Comparative example 1A preparation method of a traditional PA modified nanofiltration membrane comprises the following steps:

step 1: preparing 2mg/mL piperazine solution, dropwise adding 1mL solution onto the surface of a polyether sulfone support base membrane for surface modification, soaking for 60s, and removing residual liquid on the surface to obtain the modified support membrane surface.

Step 2: preparing 1mg/mL trimesoyl chloride normal hexane solution, fully soaking the surface of the normal hexane solution by using the modified basement membrane, and carrying out interfacial polymerization reaction on piperazine monomers and trimesoyl chloride at a hydrophilic interface for 30s to form the PA selection layer.

And step 3: and drying the obtained film at 60 ℃ for 10 minutes to obtain the traditional PA modified nanofiltration membrane.

Application example 1A method for intercepting salt ions in water by using a multifunctional nanofiltration membrane comprises the following steps:

the multifunctional nanofiltration membrane prepared in example 1 (expressed as TFC-CN) was aligned to 1000ppm of Na₂SO₄Performing membrane separation test on the water solution by using a cross-flow nanofiltration test device, wherein the test temperature is 25 ℃, the test pressure is set to be 2bar, and the obtained flux is 40Lm^-2h^-1bar^-1The retention was 98%, and the results are shown in FIG. 3.

Comparative application example 1A method for intercepting salt ions in water by using a traditional nanofiltration membrane comprises the following steps:

the conventional nanofiltration membrane (expressed as TFC) prepared in comparative example 1 was used for 1000ppm of Na₂SO₄Performing membrane separation test on the water solution by using a cross-flow nanofiltration test device, wherein the test temperature is 25 ℃, the test pressure is set to be 2bar, and the obtained flux is 15Lm^-2h^-1bar^-1The retention was higher than 98%, the results are shown in FIG. 3.

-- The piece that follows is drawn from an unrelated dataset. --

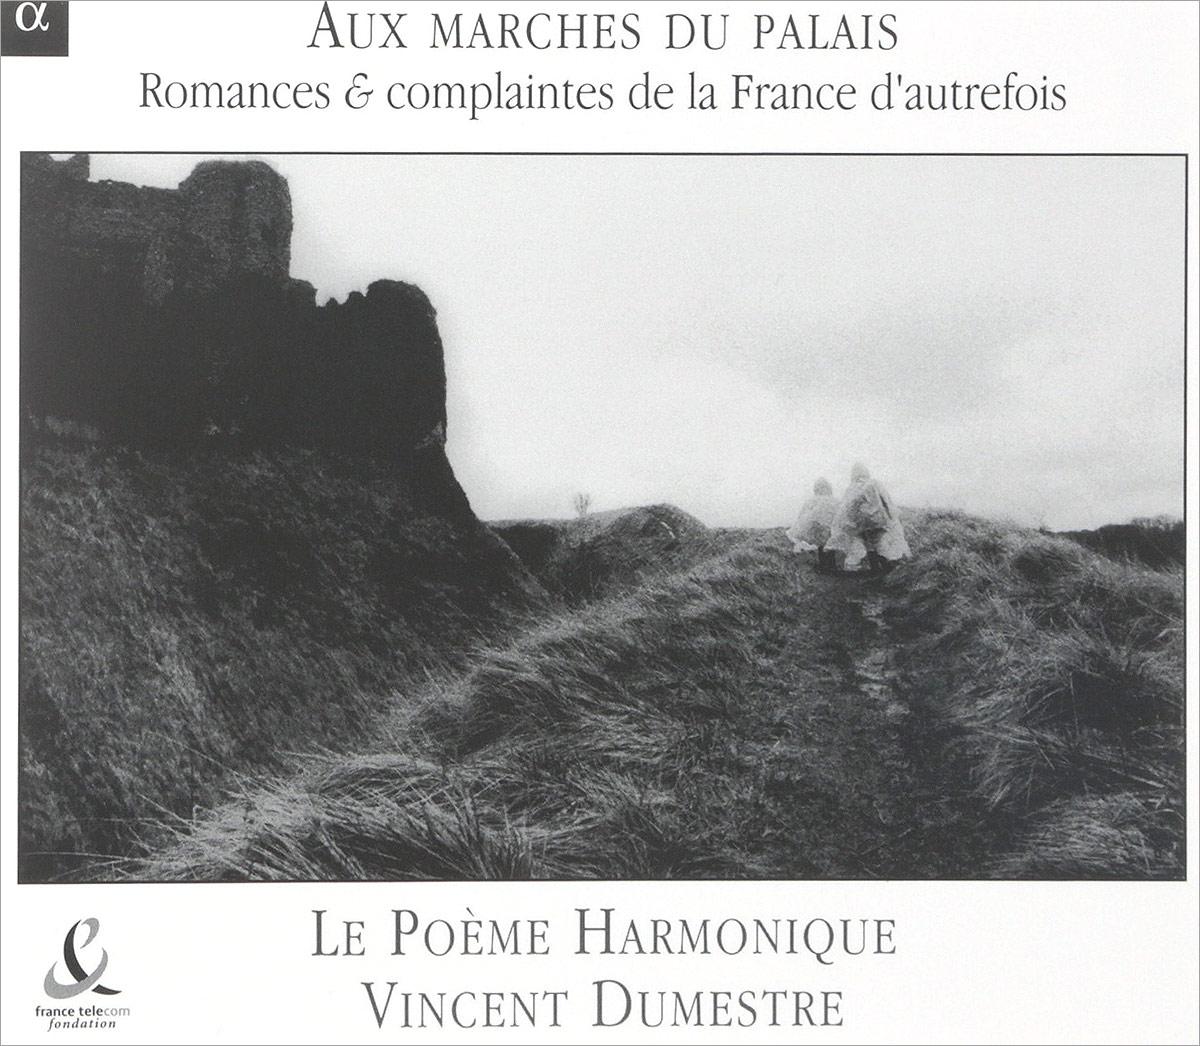 VARIOUS. AUX MARCHES DU PALAIS, ROMANCES & COMPLAINTES DE LA FRANCE D'AUTREFOIS / LE POEME HARMONIQUE/ V. DUMESTRE. 1 louis charles marie emmanuel artaud haussmann wartburgkrieg le tournoi poetique de la wertburg poeme allemand du treizieme siecle

Application example 2A method for degrading surface trapped pollutants by a multifunctional nanofiltration membrane comprises the following steps:

the multifunctional nanofiltration membrane prepared in example 1 was used to perform a membrane separation test on a 20ppm congo red aqueous solution, and a cross-flow nanofiltration test apparatus was used, the test temperature was 25 ℃, the test pressure was set to 2bar, and the retention of the obtained dye was about 100%. After 2000mL of test solution is separated, the trapped pollutants deposited on the surface of the nanofiltration membrane are irradiated by simulated sunlight, and the irradiation light intensity is 200mW/cm²Under the condition of (1), after the irradiation time is 3 hours, the pollutants deposited on the surface can be completely mineralized and decomposed, and the surface nanofiltration membrane has better photocatalysis self-cleaning anti-pollution capacity, and the result is shown in figure 4.

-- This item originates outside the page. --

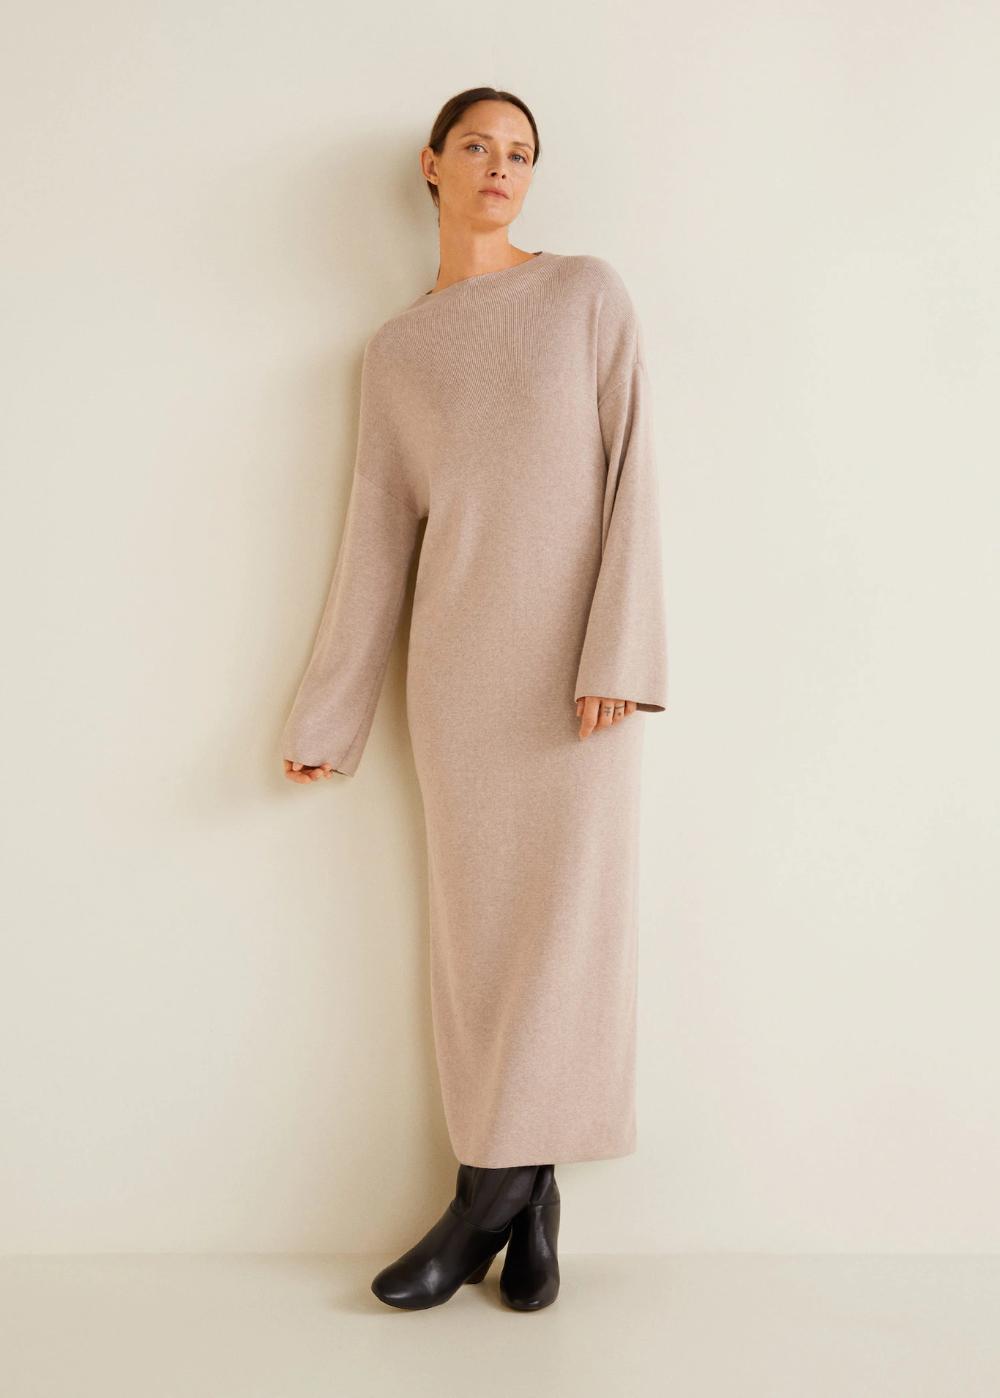 Soft-kleid mit rippstruktur - Damen  Minimalistische mode, Mango

Fig. 4(a) is a UV-vis graph of the stock solution and the filtrate before and after passing the dye solution through the nanofiltration membrane modified with the carbon nitride hydrophilic layer of application example 2. And (b) the content of pollutants on the surface of the nanofiltration membrane modified by the carbon nitride hydrophilic layer is changed before and after 3 hours of simulated sunlight illumination.

The present invention is not limited to the above preferred embodiments, and any modifications, equivalent substitutions, improvements, etc. within the spirit and principle of the present invention should be included in the protection scope of the present invention.